4. While there was ample evidence to hold Brown criminally responsible for the collision and any resulting death and injuries, the state, except for two of the deceased parties (Stanley Grier and James A. Grier) failed to show that the parties named in Counts 1, 2, 5, 6, and 7 were in the Buick Station Wagon or died as the result of injuries received in this collision. While there was ample evidence that after people were in the Buick and possibly that some were dead at the scene, none of these was identified by the evidence. While the physician who saw and treated some people who were brought into the hospital identified them by name, and they were the same names as in Counts 1, 2, 5, 6 and 7 of the indictment, there was no evidence they were in the Buick or that they were injured in the collision between the Buick and the Ford. And although this same physician at the hospital testified their injuries, from which they died, were in his opinion caused by an auto collision, there was no evidence that this was the only collision or accident from which people were carried to the hospital. On the contrary, there was evidence by a state trooper that people from other accidents were being brought in to the same hospital. The only connection, therefore, is the similarity of names and that they were injured in an automobile collision. While the attorney for the defendant, in his opening statement to the jury, stated in substance that these particular named individuals were killed in this collision, this was but a statement of what he expected the evidence to show. Without proof of the corpus delicti as to these counts of the indictment, a conviction is unauthorized. Tatum v. State, 1 Ga. App. 778 (57 SE 956); Williams v. State, 125 Ga. 741 (54 SE 661); Bines v. State, 118 Ga. 320 (45 SE 376); Brown v. State, 15 Ga. App. 484 (83 SE 890); Edwards v. State, 213 Ga. 552 (100 SE2d 172). Even if the statement of defendant's attorney be construed as an admission, the corpus delicti must be independently proven. See Williams v. State, 96 Ga. App. 833 (101 SE2d 747).

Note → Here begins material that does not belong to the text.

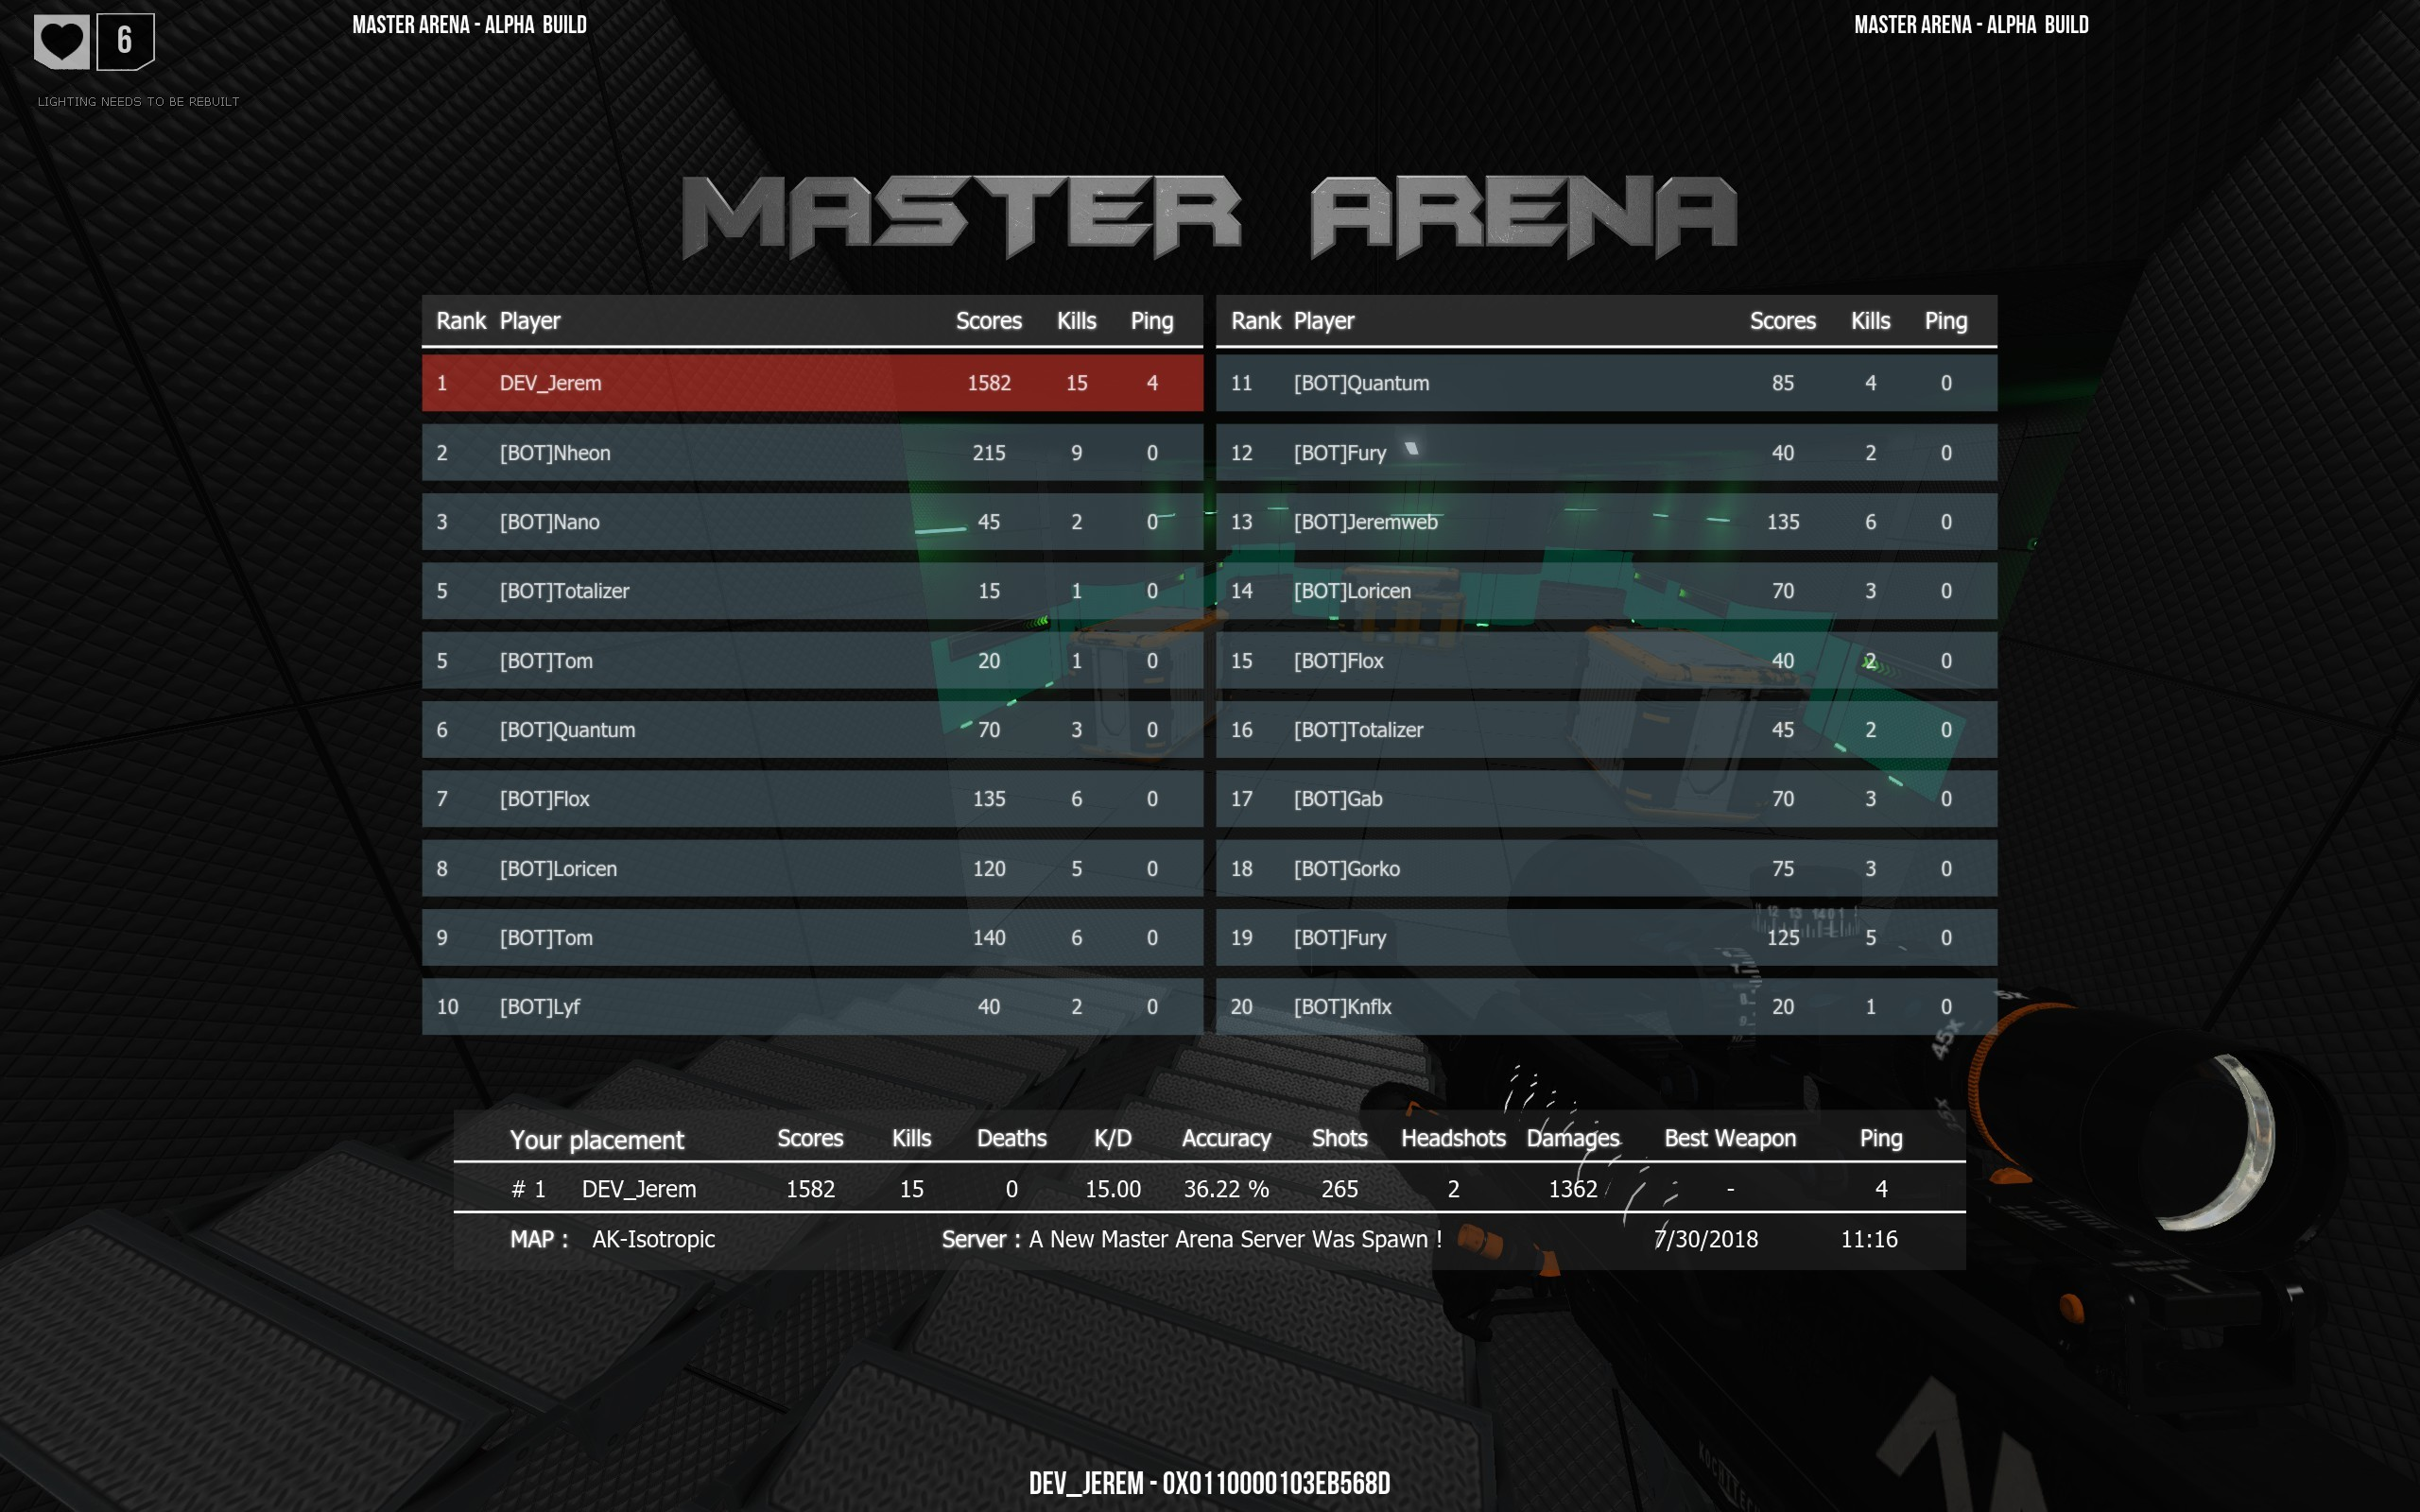 Sep 27, 2018 Update September 2018 Master Arena - DarK

5. Where one is charged with the homicide of different people in different counts and is found guilty on each count, he may be sentenced separately on each count to run consecutively for the reason that the killing of different persons constitutes separate crimes even though done at the same time with one stroke of the same death-dealing instrument. While the stroke was one transaction, the killing of different persons with that stroke constitutes several criminal transactions. We do not have here a lesser and a greater offense situation (Mobley v. State, 101 Ga. App. 317 (113 SE2d 654)) or varying degrees of the same crime (Davis v. State, 100 Ga. App. 308 (111 SE2d 116)), or the same crime committed in various ways. See Tooke v. State, 4 Ga. App. 495, 503 (61 SE 917). As is stated in Code 26-506 (a): "When the same conduct of an accused may establish the commission of more than one crime, the accused may be prosecuted for each crime." None of the remaining provisions of paragraph (a) apply to the present case, as neither of the crimes of murder is included in the other, nor do the several crimes of murder differ only in that one is designed to prohibit a designated kind of conduct generally and the other to prohibit a specific instance of such conduct.
6. For the reasons given, the judgments of conviction and sentence as to Counts 1, 2, 5, 6 and 7 of the indictment are reversed, and the judgments of conviction and sentence as to Counts 3 and 4 are affirmed.
Jeff C. Wayne, District Attorney, Robert W. Lawson, Jr., for appellee.
Smith & Millikan, Troy R. Millikan, for appellant.